Gloomy economic figures, buoyed only by the boom in high street and house prices, revealed last month that the economy had failed to expand at all for six months and was languishing at the bottom of the league of industrialised G7 nations.

Now, as the Chancellor puts together his Comprehensive Spending Review, detailing the Government's plans for investment in hospitals, schools, public transport and policing, there are real fears in government that he may have to increase borrowing levels to fund much-needed increases. The move would represent a U-turn by Mr Brown who has made a virtue of cutting national debt.

A minister said this weekend: "The growth figures were well below Gordon's 2 to 2.5 per cent target and the choices are simple – tighten up on spending, put up taxes or increase borrowing. We've already got the increase in national insurance contributions coming and the demands from the big spending departments – Education and the Home Office – aren't going to go away. On a back of an envelope calculation, it could be as much as £15bn more in borrowing."

City experts have also warned that the zero growth rate and flagging confidence in industry will have a negative impact. Professor Peter Spencer, economics director of the Ernst and Young Item Club that scrutinises Treasury forecasts using the same figures as the Chancellor, says Mr Brown could have to borrow between £10bn and £15bn more to fund his spending plans. He said, however, that was a "worst case scenario".

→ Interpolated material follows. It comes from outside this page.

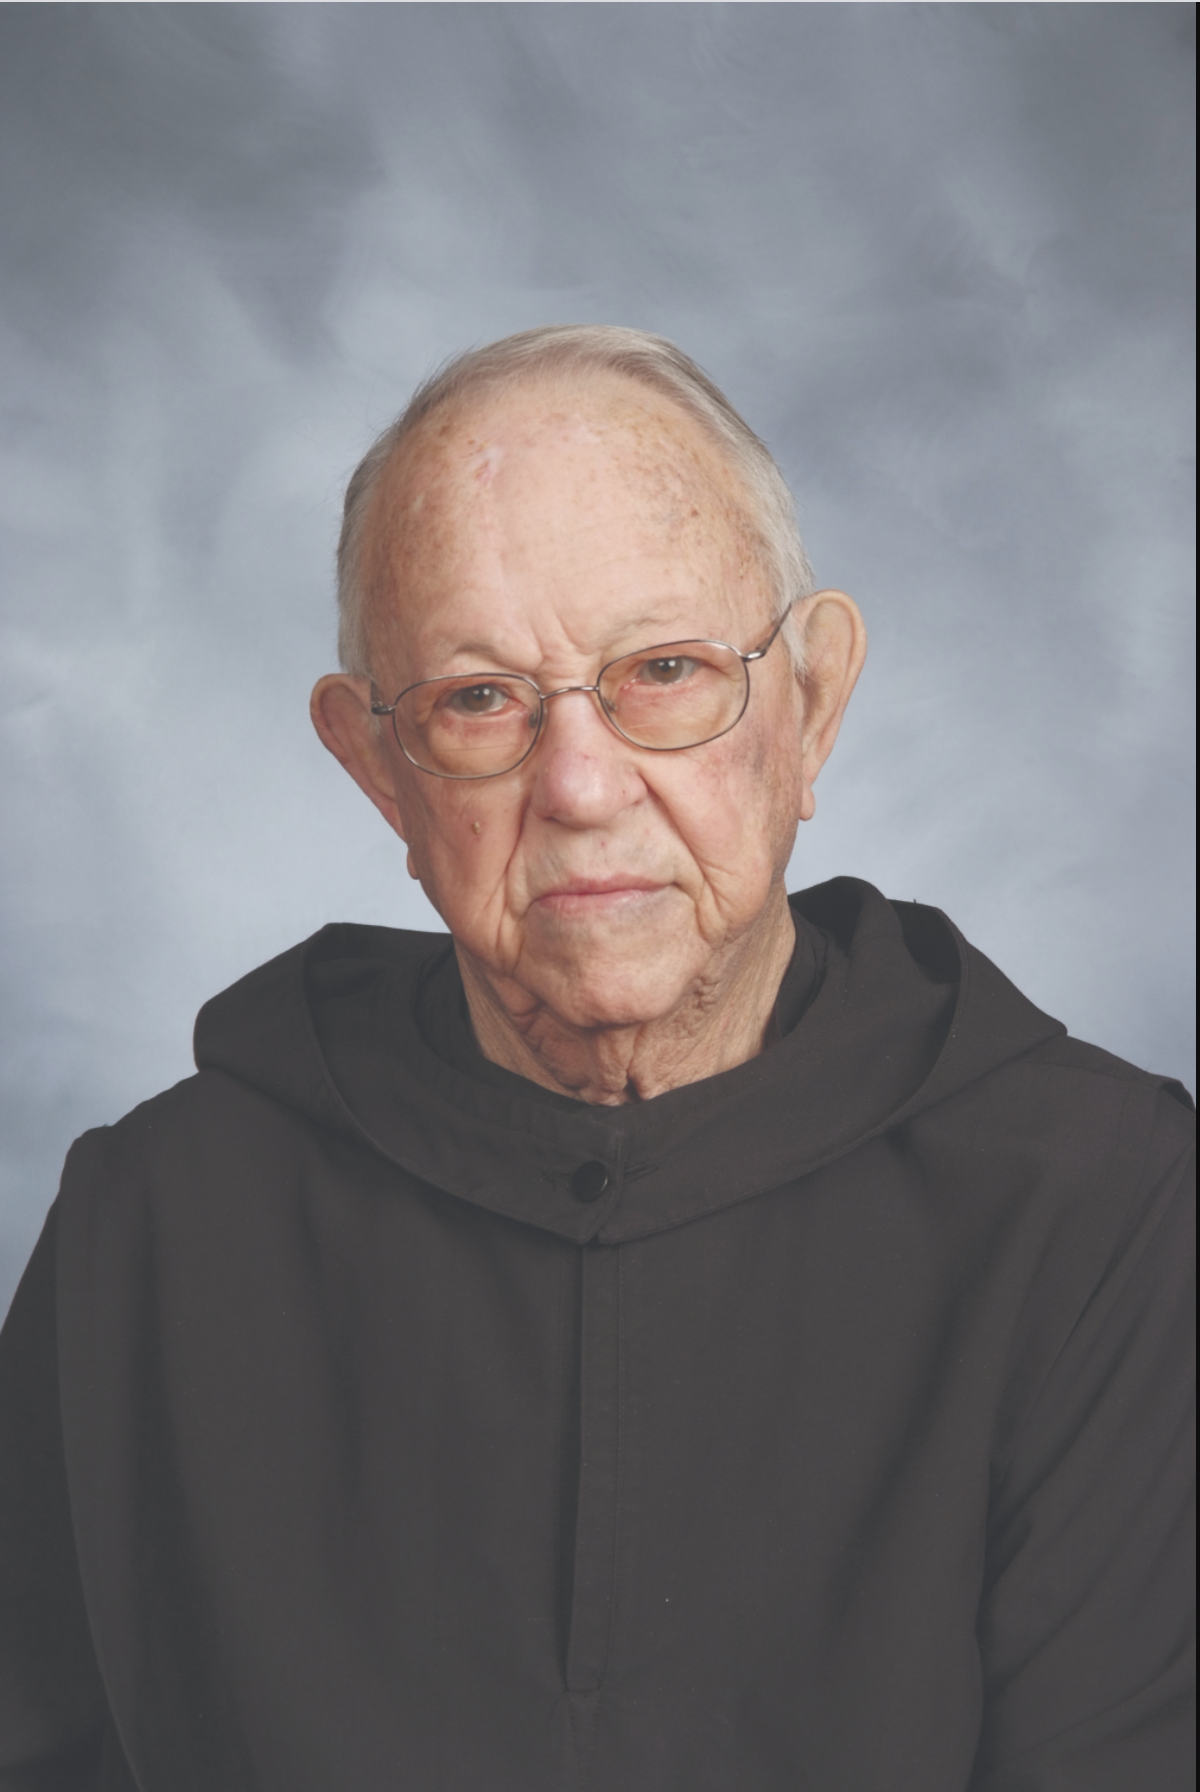 Father Joseph James Heyd - 05/01/30-04/04/13

"What it hangs on now is whether or not the economy can recover from here. If it can the Chancellor will miss his targets but he won't be wide of the mark. But that, I'm afraid, is looking extremely unlikely." Professor Spencer warned that optimism was only being held up by the current housing and consumer trends and was "fast disappearing".

"We simply can't risk another 1990s-style collapse in the housing market, because it won't just be the optimism in the business sector, it will be the head speculation in the housing market that disappears. And at that time the Chancellor's Red Book just gets binned and you have to start again," he said.

Andrew Dilnot, Director of the Institute of Fiscal Studies, said: "The economy is going to grow less quickly than expected. If the economy were to grow much more slowly this year than was forecast, borrowing will rise more quickly than forecast."

Mr Dilnot said the Chancellor was equally likely to keep spending under control and may not propose "increases in spending over and above the sorts of levels he announced in the Budget".

Jonathan Loynes, the Chief UK Economist at Capital Economics, predicted that Mr Brown – reluctant to make big tax and spending decisions on the basis of one year's figures – would "let borrowing take the strain".